Below the video you will find accompanying notes and some pre-class questions.

## Notes

### Connectedness

(00.23) Let $$X$$ be a topological space. We say that $$X$$ is disconnected if there exist open sets $$U,V\subset X$$ such that $$U\cap V=\emptyset$$, $$U\neq\emptyset$$, $$V\neq\emptyset$$ and $$U\cup V=X$$. We say that $$X$$ is connected if it is not disconnected.

(2.09) The interval $$[0,1]$$, equipped with the subspace topology inherited from $$\mathbf{R}$$, is connected.

(2.54) This is essentially the intermediate value theorem. Suppose there are open sets $$U,V\subset [0,1]$$ which are disjoint and such that $$[0,1]=U\cup V$$. We want to prove that one of them is empty.

(4.06) Define a function $$F\colon[0,1]\to\mathbf{R}$$ by $F(x)=\begin{cases}0&\mbox{ if }x\in U\\1&\mbox{ if }x\in V.\end{cases}$ This function is well-defined because every point is in either $$U$$ or $$V$$ but not both. It is continuous because the preimage of any open set is one of $$U$$, $$V$$, $$[0,1]$$ or $$\emptyset$$ (depending on whether it contains $$0$$, $$1$$, both or neither) which are all open.

(6.18) If $$F$$ takes on both values $$0$$ and $$1$$ then, by the intermediate value theorem, it takes on all the intermediate values. This function doesn't: it only takes on the values $$0$$ and $$1$$. That means $$F$$ does not take on both values, hence either $$U=\emptyset$$ or $$V=\emptyset$$.

### Path-connectedness

(8.08) We can use the fact that $$[0,1]$$ is connected to prove that lots of other spaces are connected:

A space $$X$$ is path-connected if for all points $$x,y\in X$$ there exists a path from $$x$$ to $$y$$, that is a continuous map $$\gamma\colon[0,1]\to X$$ such that $$\gamma(0)=x$$ and $$\gamma(1)=y$$.

(9.16) A path-connected space is connected. (The converse fails.)

(9.57) Let $$X$$ be a path-connected space and let $$U,V\subset X$$ be disjoint open sets such that $$U\cup V=X$$. If they are both nonempty then we can pick a point $$x\in U$$ and $$y\in V$$. By path-connectedness, there is a continuous path $$\gamma$$ from $$x$$ to $$y$$. Now $$\gamma^{-1}(U)$$ and $$\gamma^{-1}(V)$$ are disjoint open sets in $$[0,1]$$ whose union is $$[0,1]$$ and they are both nonempty because $$0\in\gamma^{-1}(U)$$ and $$1\in\gamma^{-1}(V)$$. This contradicts the previous theorem, so either $$U=\emptyset$$ or $$V=\emptyset$$, and we deduce that $$X$$ is connected.

### Examples

(13.00) The space $$X=\mathbf{R}^2\setminus\{(0,0)\}$$ is path-connected.
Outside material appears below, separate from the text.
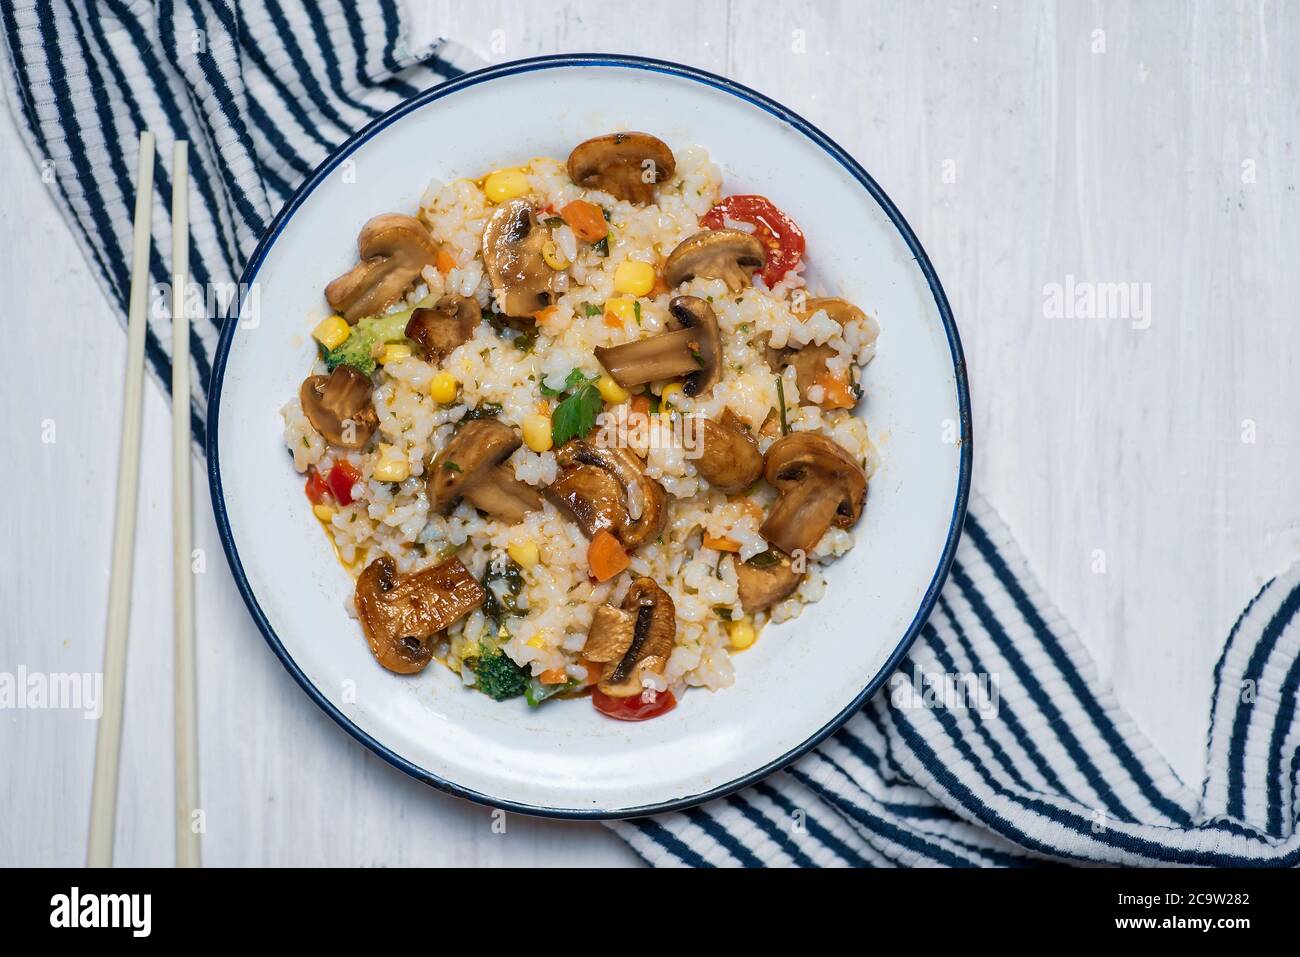 Homemade vegetarian risotto with mushrooms and vegetables on a plate Stock Photo
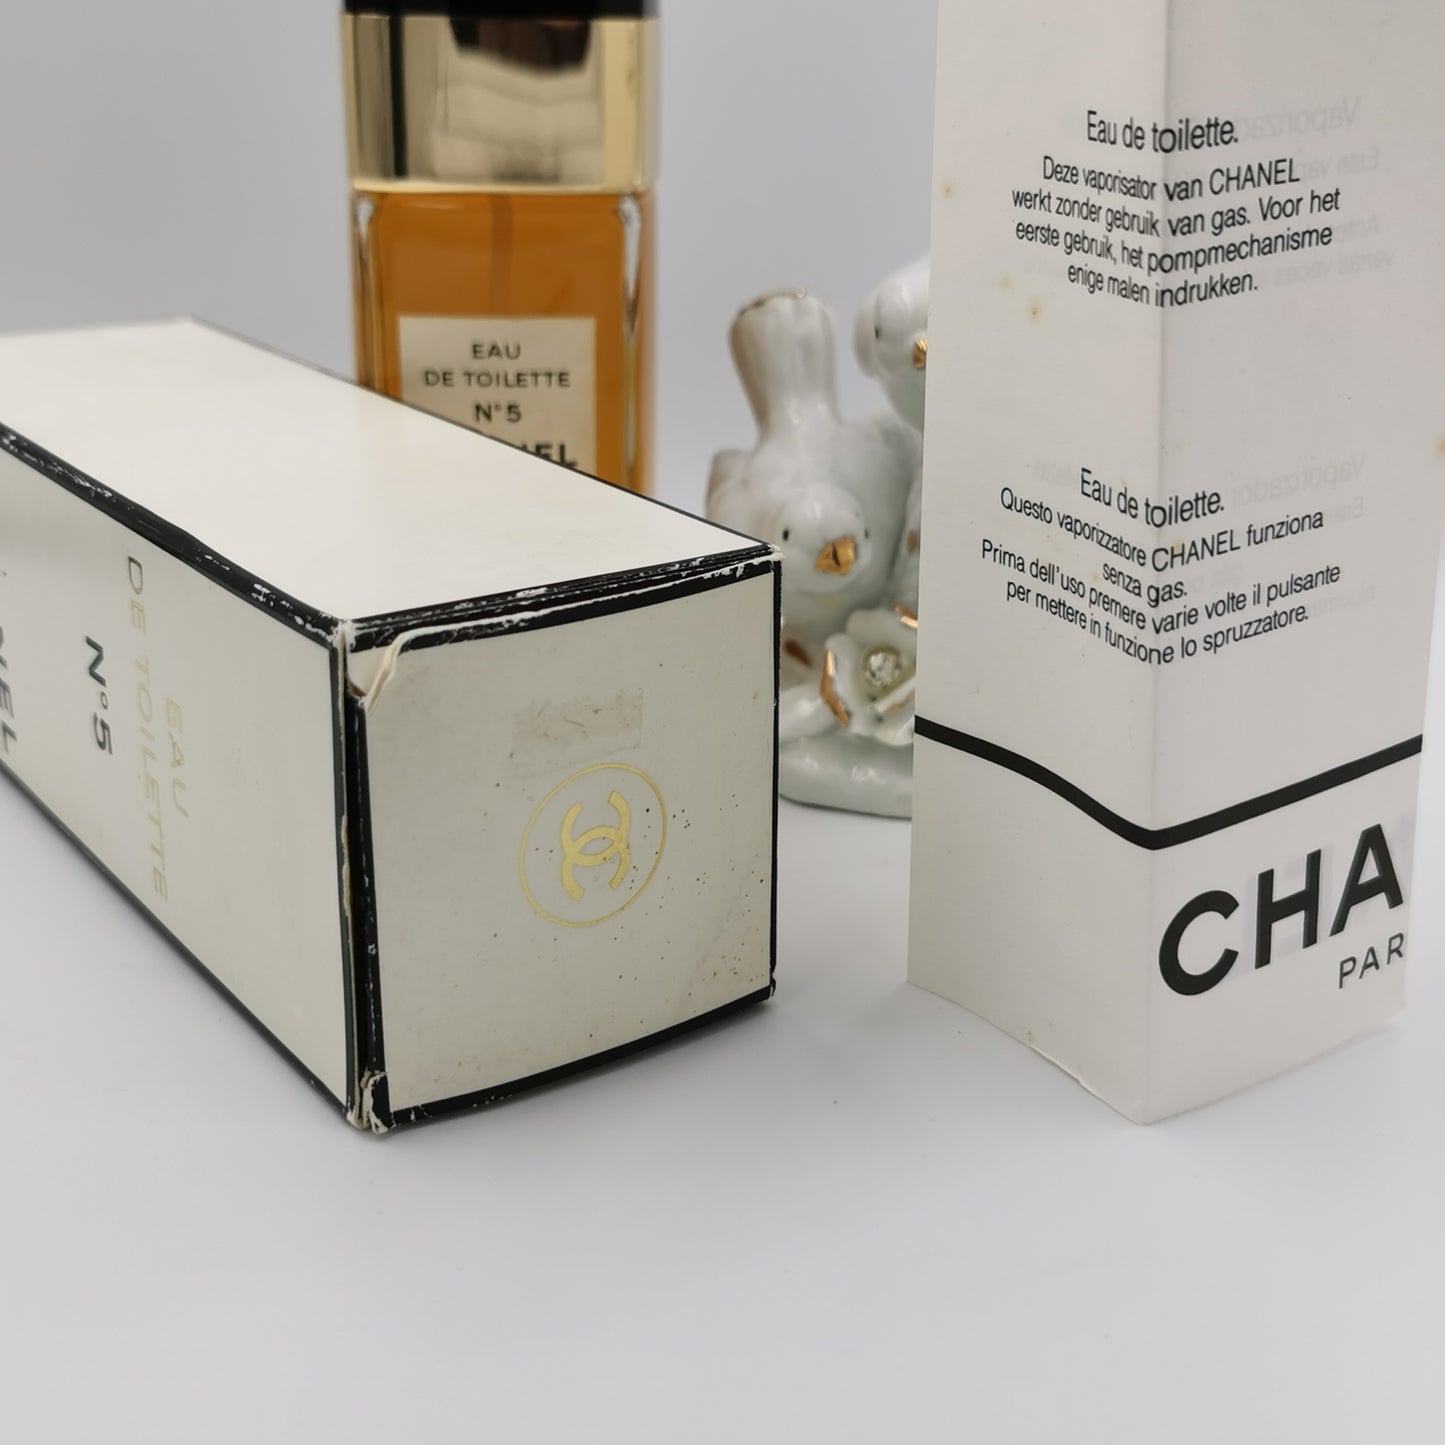 Chanel No5 by Chanel 100ml EDT Spray VINTAGE

Given $$x,y\in X$$, if the straight line $$\overline{xy}$$ misses $$(0,0)$$ then it gives a path in $$X$$ connecting $$x$$ and $$y$$. Otherwise, first follow a semicircle centred at $$(0,0)$$ passing through $$x$$, then follow a straight path to $$y$$. Therefore any two points are connected by a path.

(14.56) By contrast, $$\mathbf{R}\setminus\{0\}=(-\infty,0)\cup(0,\infty)$$ is a disjoint union of nonempty open sets, so is disconnected.

The spaces $$\mathbf{R}$$ and $$\mathbf{R}^2$$ are not homeomorphic, in other words there is no continuous bijection $$F\colon\mathbf{R}\to\mathbf{R}^2$$ such that $$F^{-1}$$ is also continuous (for more about homeomorphisms, see this section).

(16.51) If there is a homeomorphism $$F\colon\mathbf{R}\to\mathbf{R}^2$$ then $$F|_{\mathbf{R}\setminus\{0\}}\colon\mathbf{R}\setminus\{0\}\to\mathbf{R}^2\setminus\{F(0)\}$$ is also a homomorphism. We may as well take $$F(0)=(0,0)$$ (by composing $$F$$ with a translation, for example). But we know that $$\mathbf{R}\setminus\{0\}$$ and $$\mathbf{R}^2\setminus\{(0,0)\}$$ are not homeomorphic: one is connected, one is disconnected.

## Pre-class questions

1. True or false? Every indiscrete space is connected.
2. True or false? Every indiscrete space is path-connected.
3. True or false? A subspace of a connected space is connected.